[Opening TASK INPUTS section]

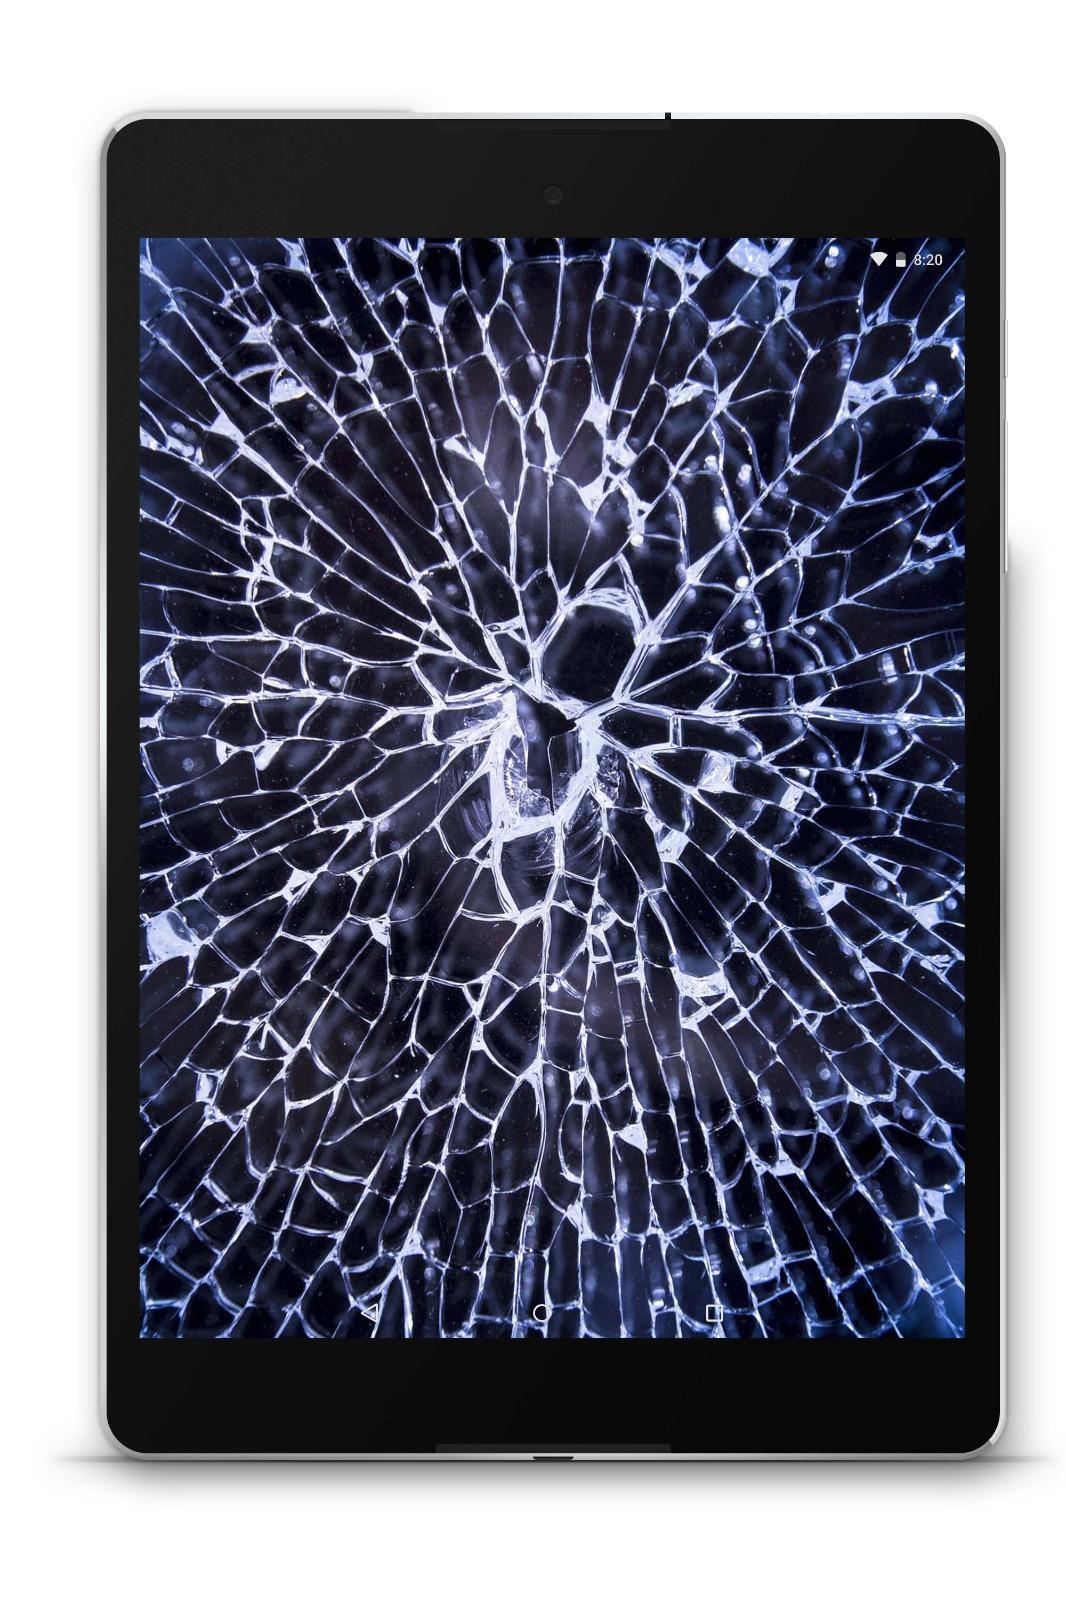 Android 用の 破損したガラスの壁紙 Apk をダウンロード
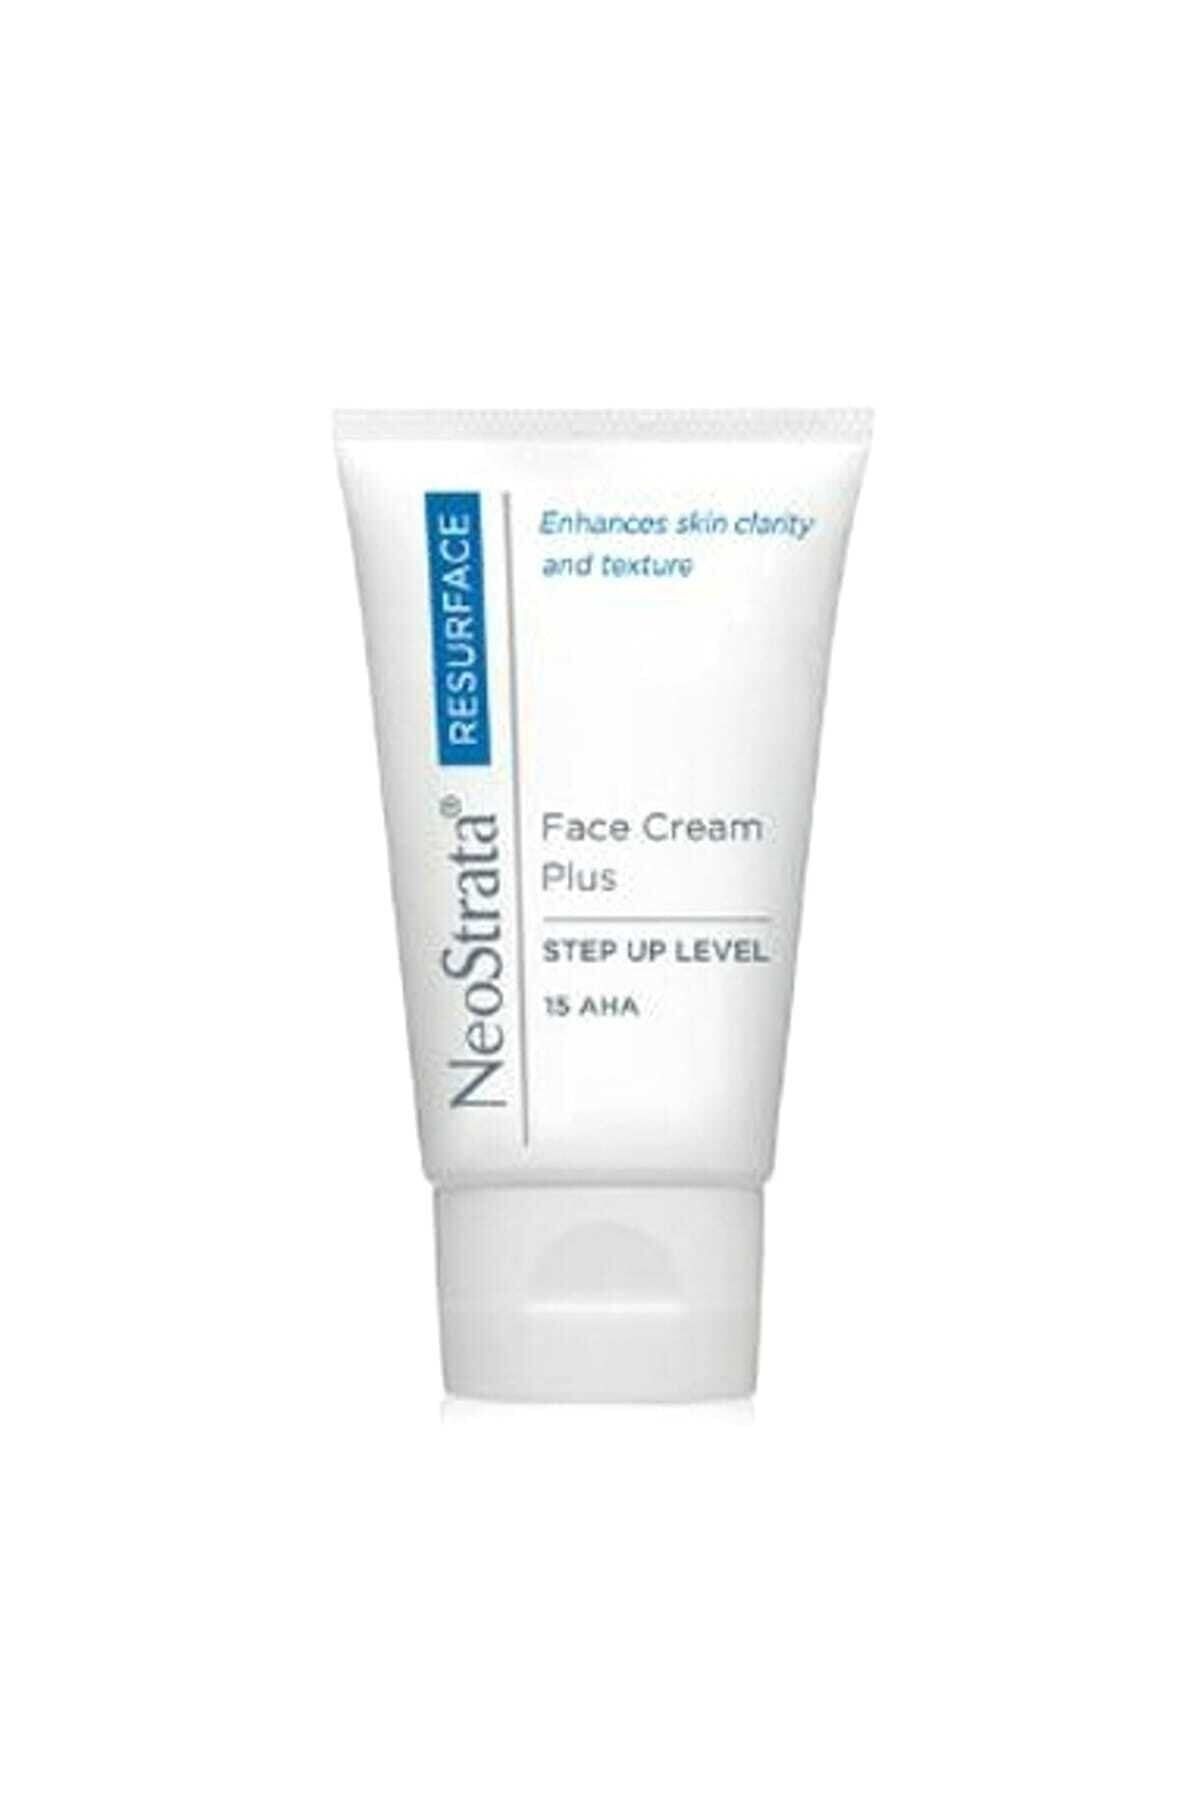 NeoStrata Normal Ciltler Için Gündüz Kremi - Face Cream Plus 40 G 732013082017
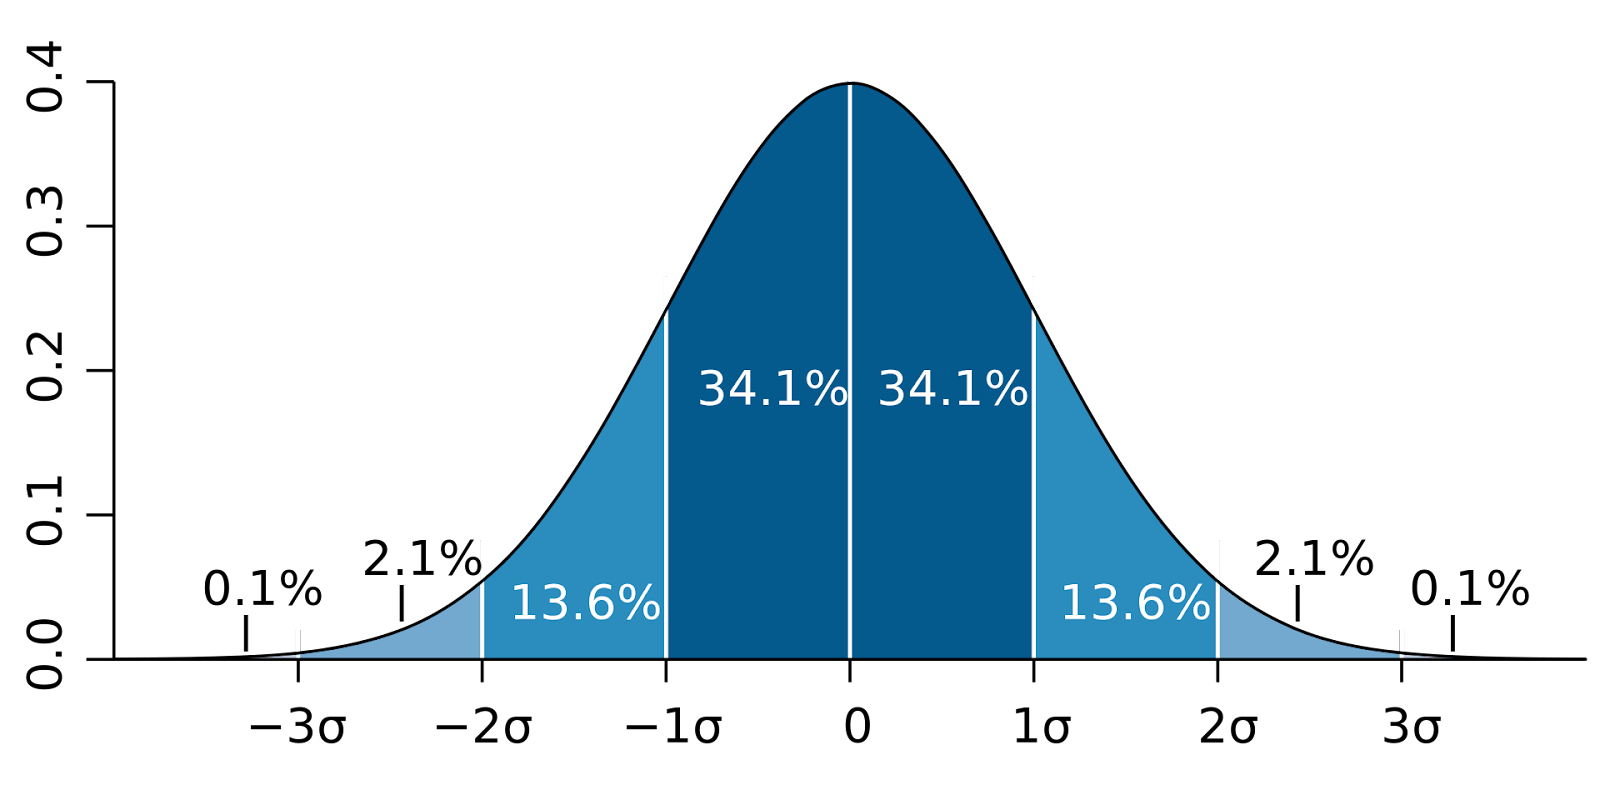 Gráfico da distribuição normal e os limites definidos a partir da soma e subtração de desvios padrões (σ) a partir da média. A imagem contém os intervalos definidos por até três desvios padrões.
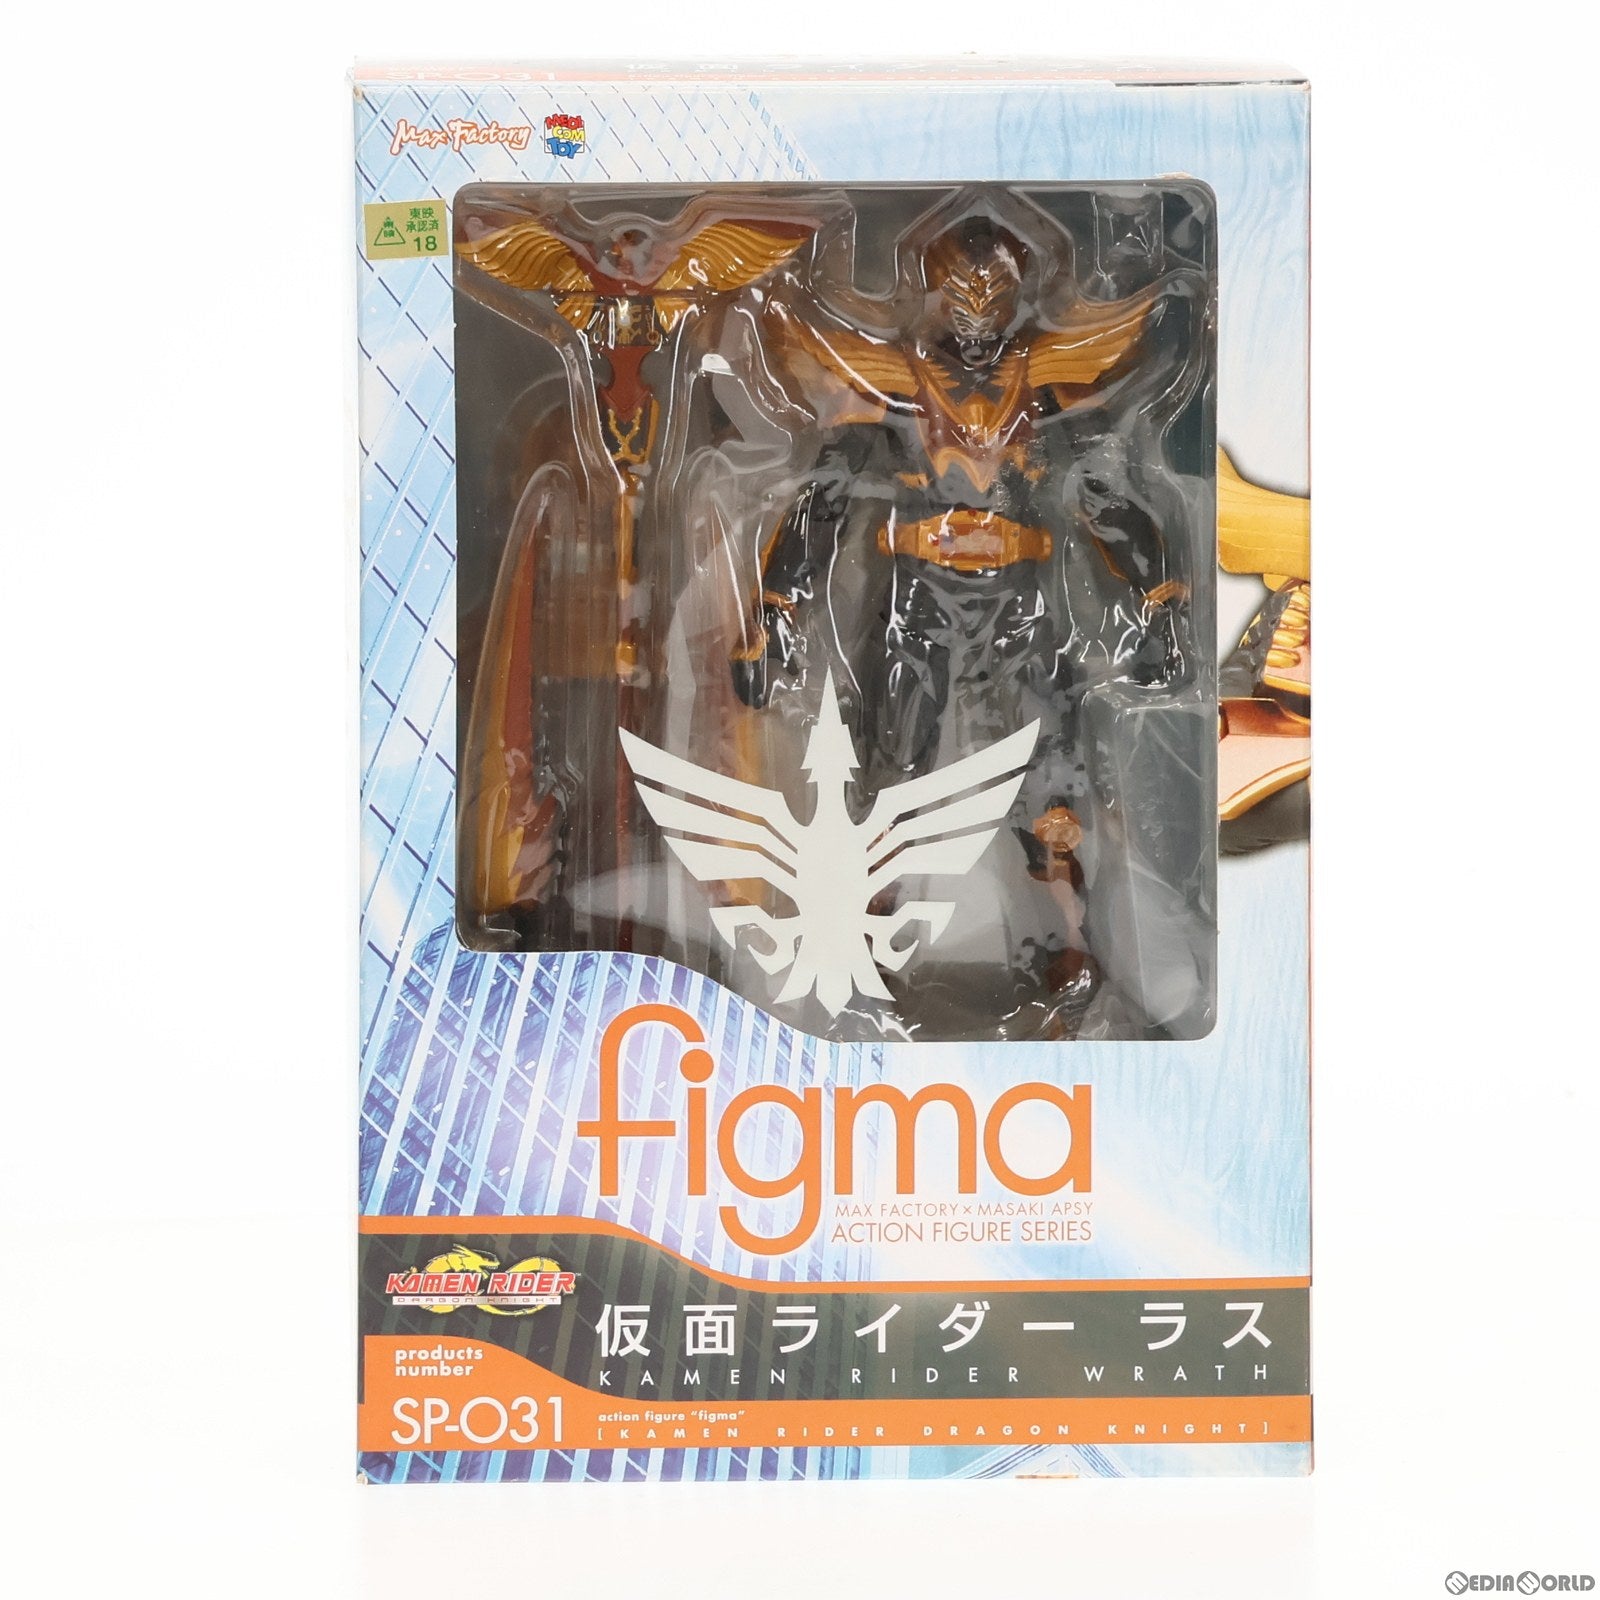 【中古即納】[FIG]figma(フィグマ) SP-031 仮面ライダーラス 仮面ライダードラゴンナイト 完成品 可動フィギュア マックスファクトリー(20110601)
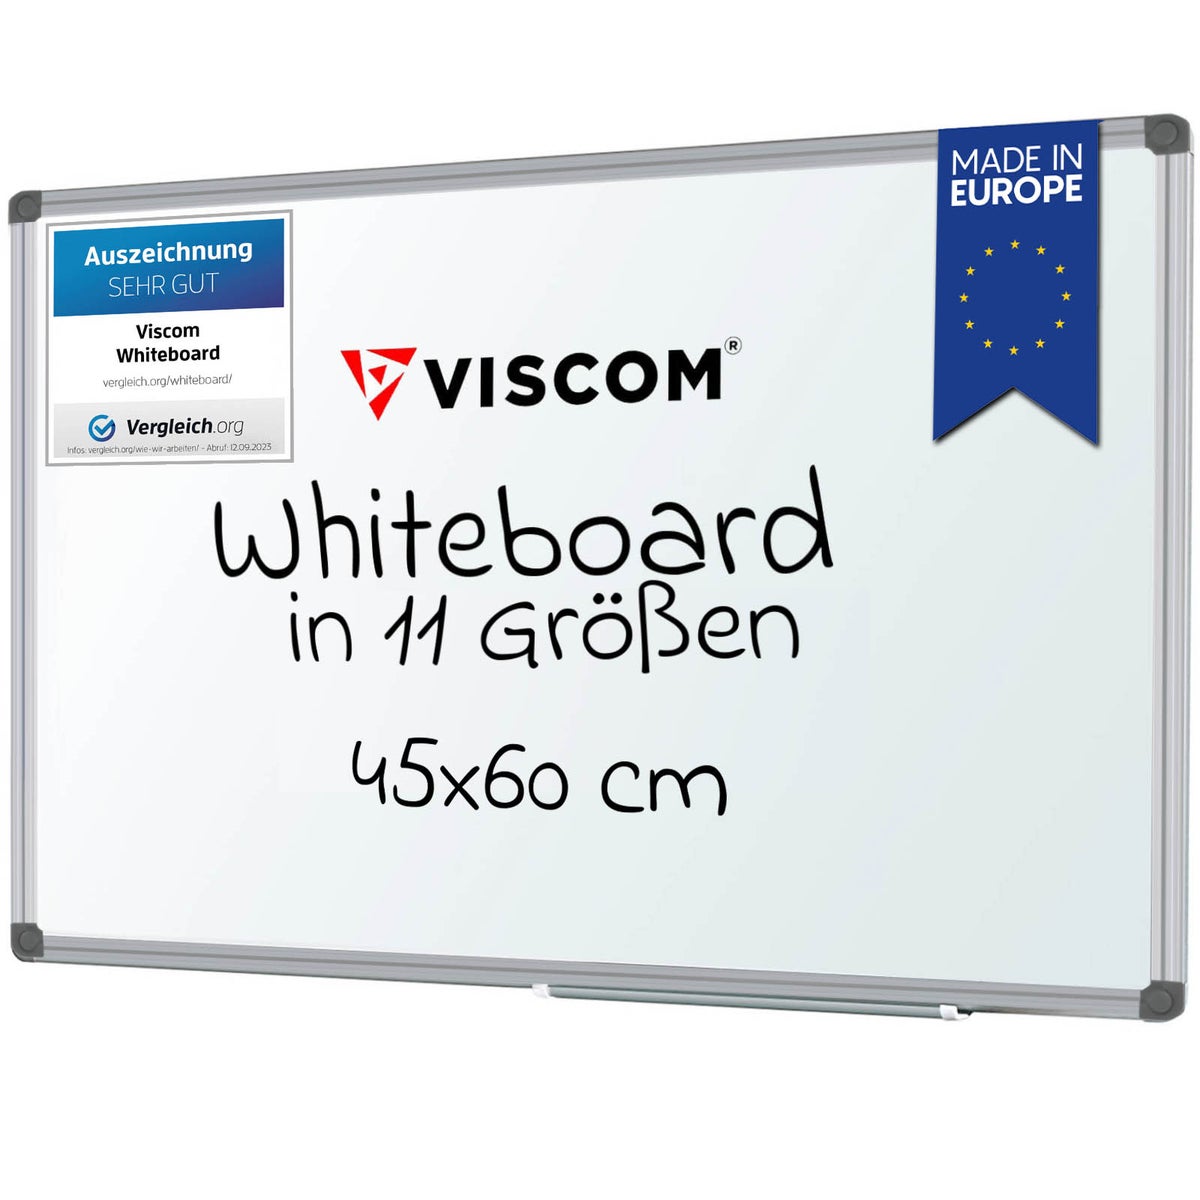 VISCOM Whiteboard magnetisch - 45 x 60 cm - Magnettafel für Büro & Zuhause - Magnetwand kratzfest & beschreibbar - mit Aluminium-Rahmen - für Hoch- und Querformat

[Closing TASK INPUTS section]

REQUIREMENT ->
Pictures should be left out when the records above are restated exactly.

RESPONSE FOR THIS EXERCISE ->
 Android 用の 破損したガラスの壁紙 Apk をダウンロード
 NeoStrata Normal Ciltler Için Gündüz Kremi - Face Cream Plus 40 G 732013082017
 Gráfico da distribuição normal e os limites definidos a partir da soma e subtração de desvios padrões (σ) a partir da média. A imagem contém os intervalos definidos por até três desvios padrões.
 【中古即納】[FIG]figma(フィグマ) SP-031 仮面ライダーラス 仮面ライダードラゴンナイト 完成品 可動フィギュア マックスファクトリー(20110601)
 VISCOM Whiteboard magnetisch - 45 x 60 cm - Magnettafel für Büro & Zuhause - Magnetwand kratzfest & beschreibbar - mit Aluminium-Rahmen - für Hoch- und Querformat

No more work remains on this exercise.